-- SOURCE MATERIAL --
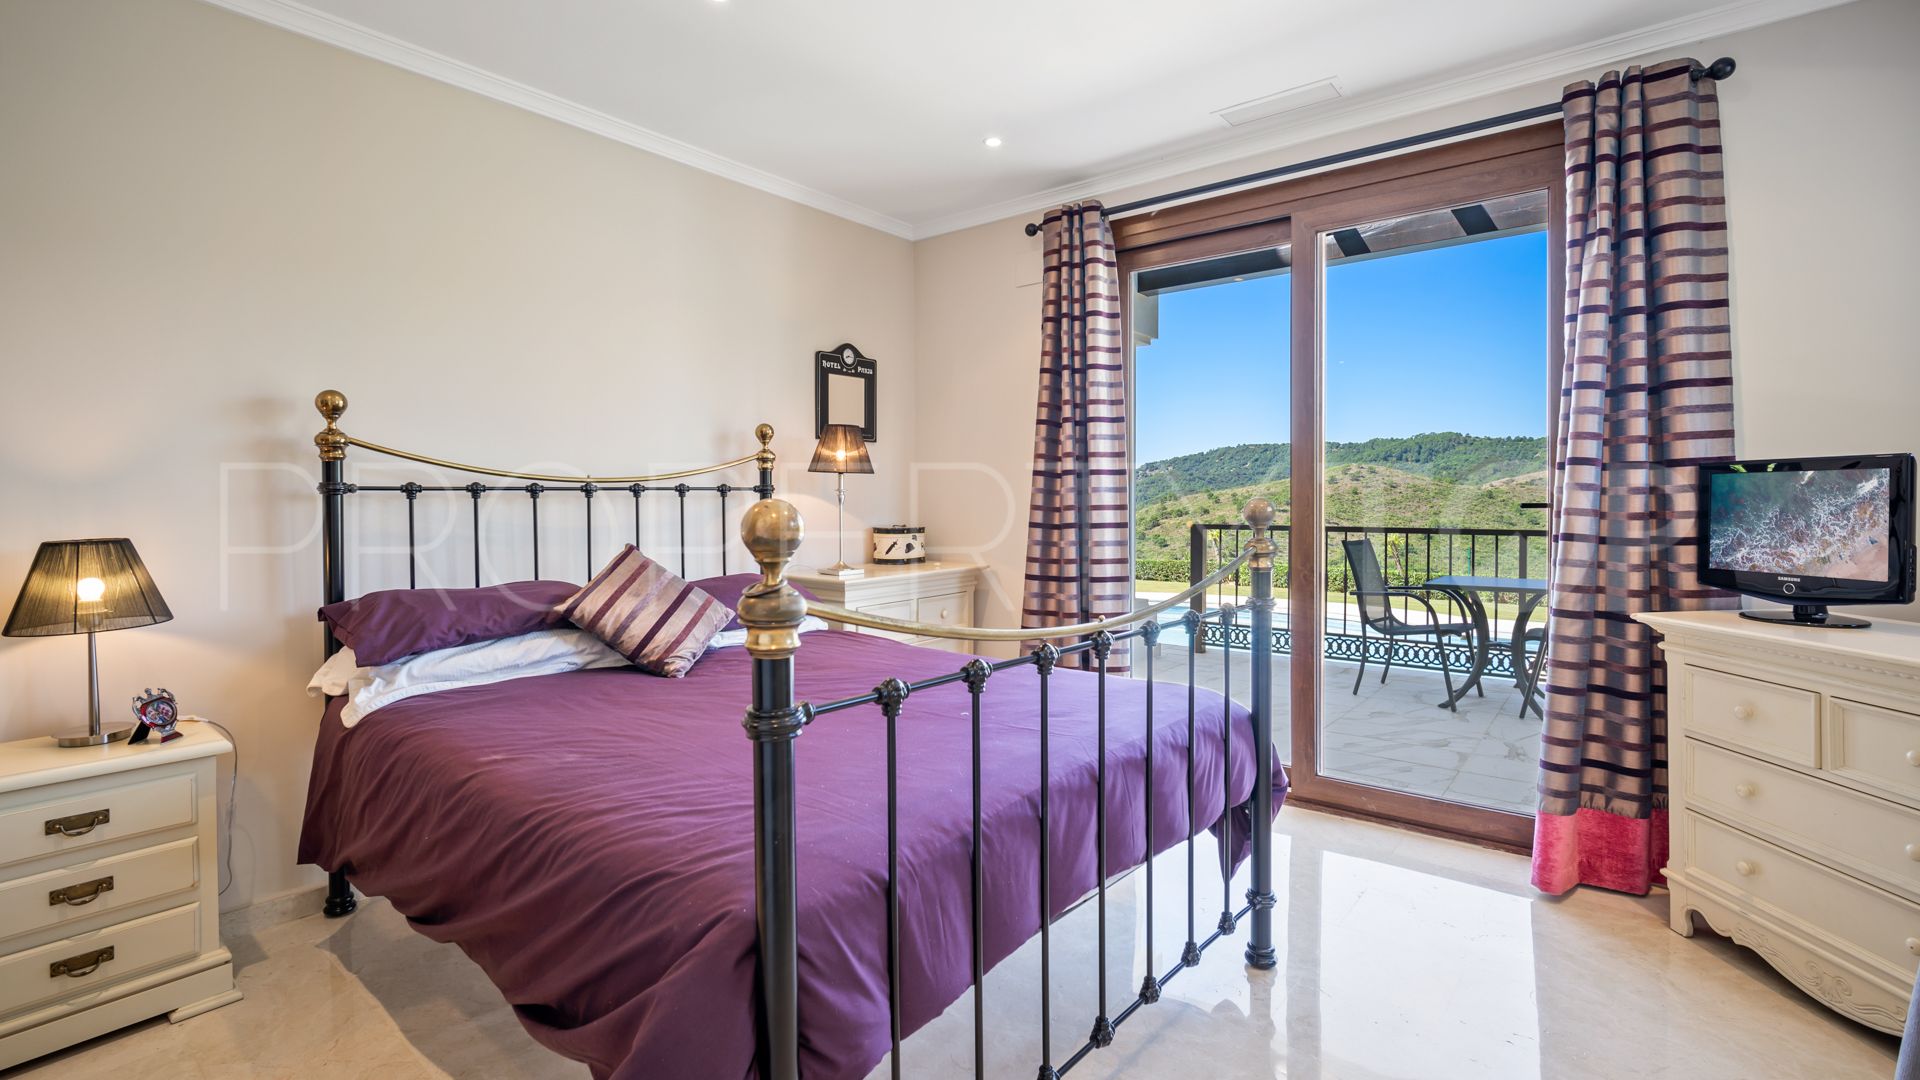 6 bedrooms villa in Monte Mayor for sale
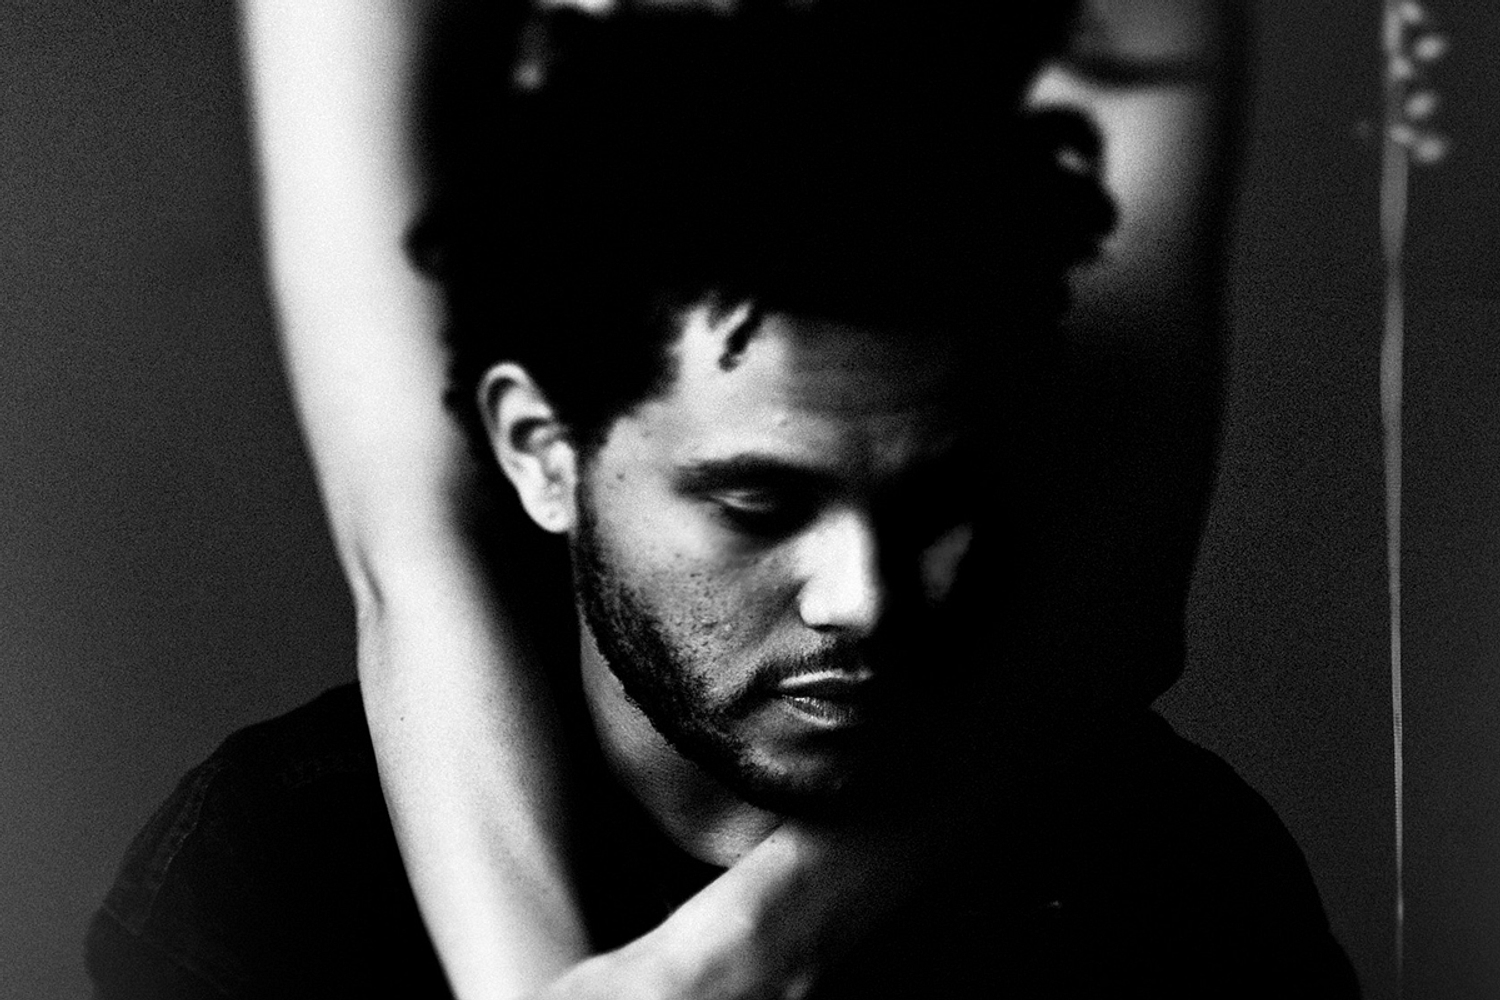 The Weeknd's headlining Roskilde
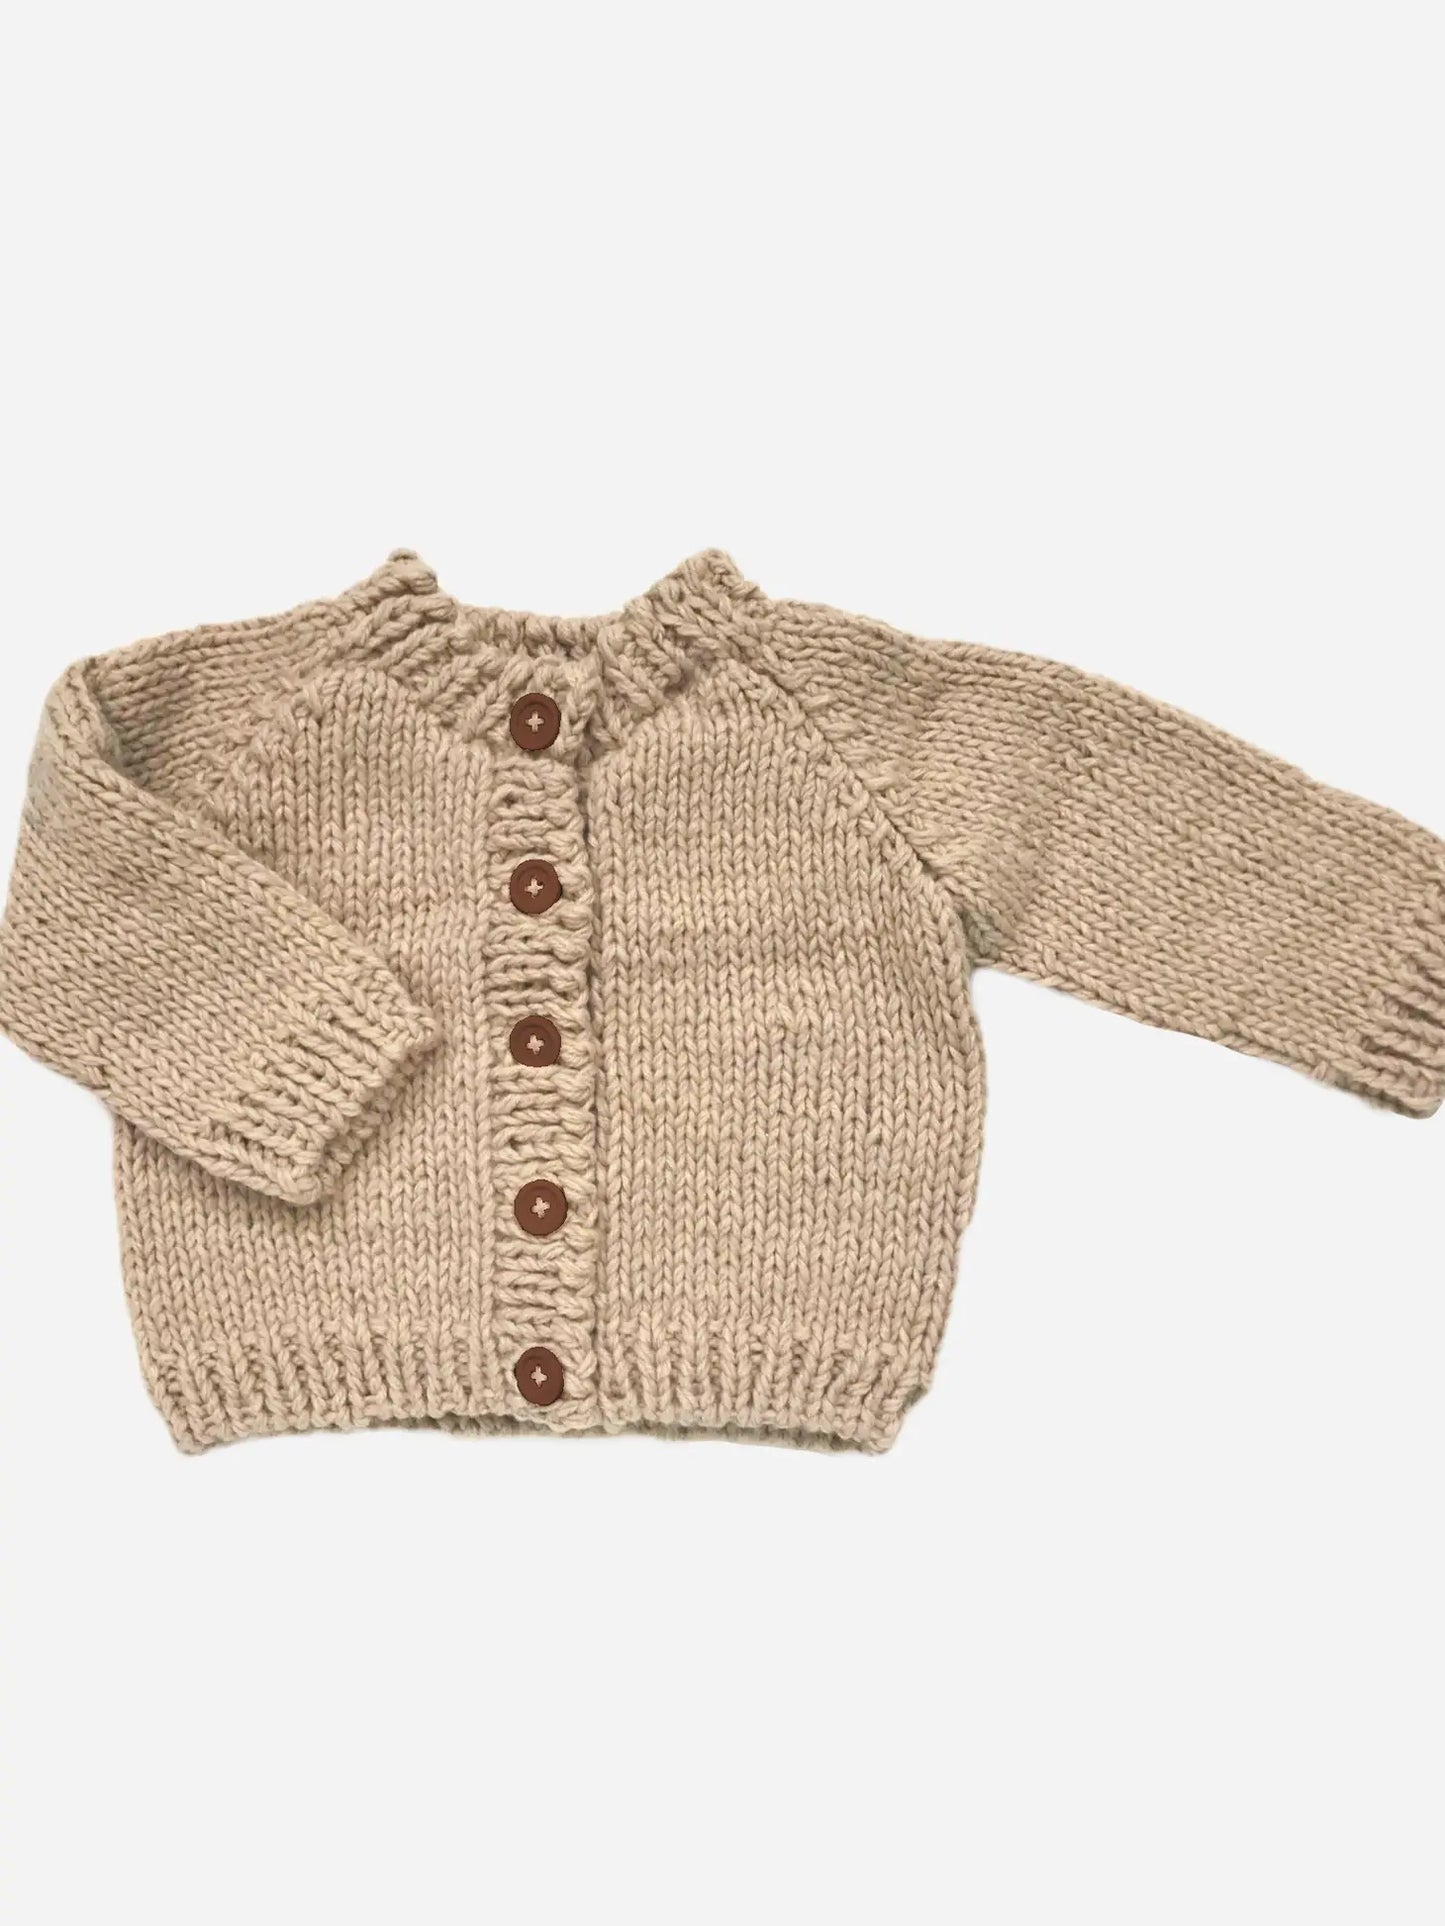 Classic Cardigan | Acrylic Hand Knit Kids Sweater
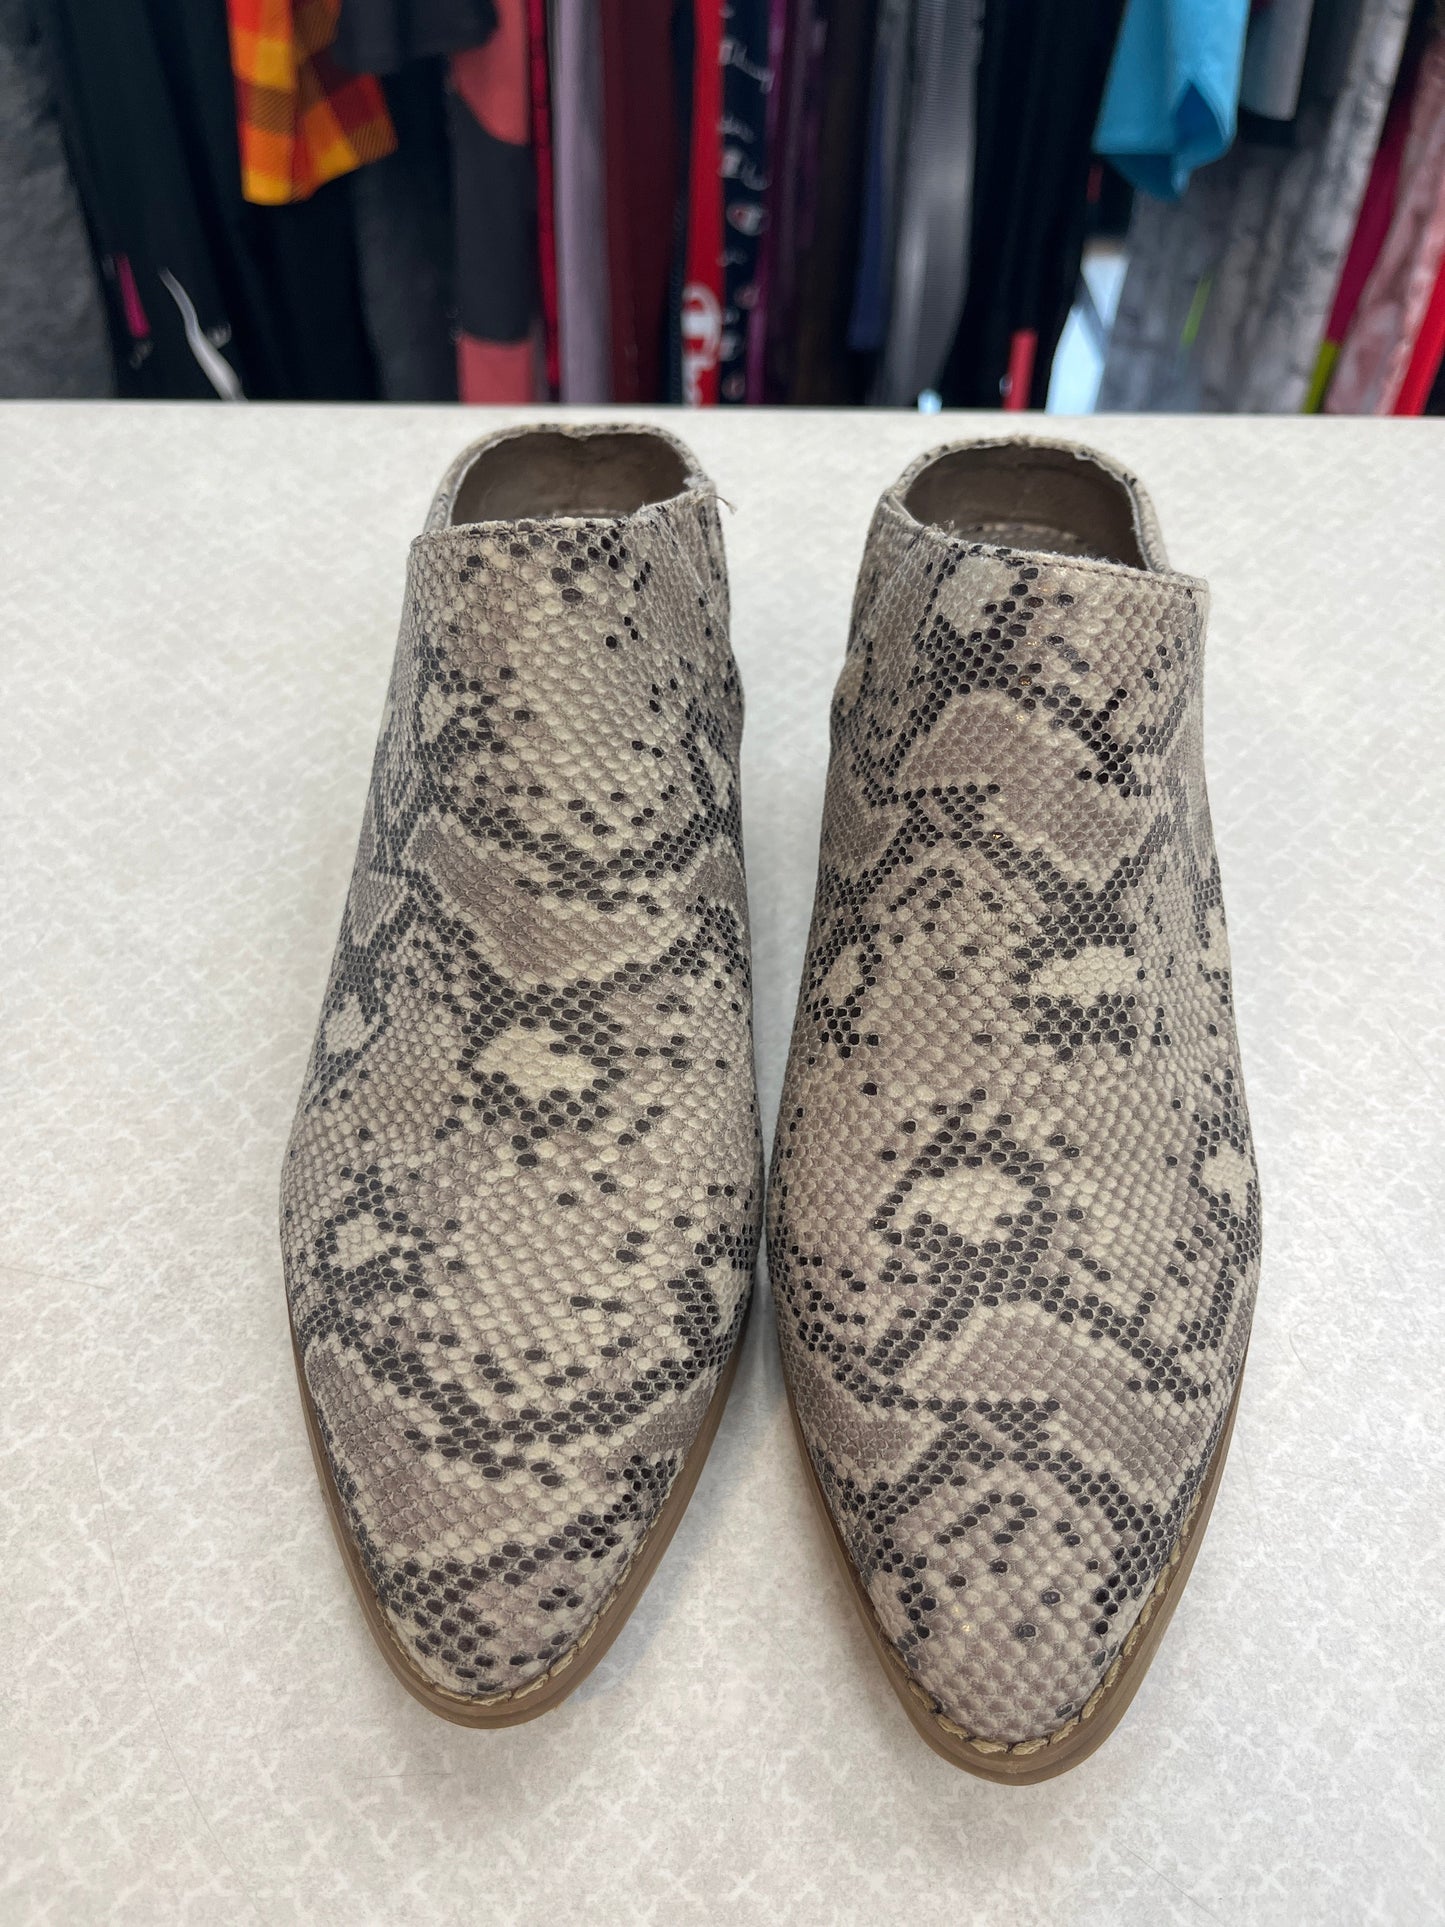 Snakeskin Print Shoes Heels Block Sugar, Size 9

-- EXERCISE --
Your reply should give again exactly the lines from the one with "The Weeknd's headlining Roskilde" through the last line of the data, with both ends included and pictures left out.

-- THE ANSWER --
 The Weeknd's headlining Roskilde
 Classic Cardigan | Acrylic Hand Knit Kids Sweater
 Snakeskin Print Shoes Heels Block Sugar, Size 9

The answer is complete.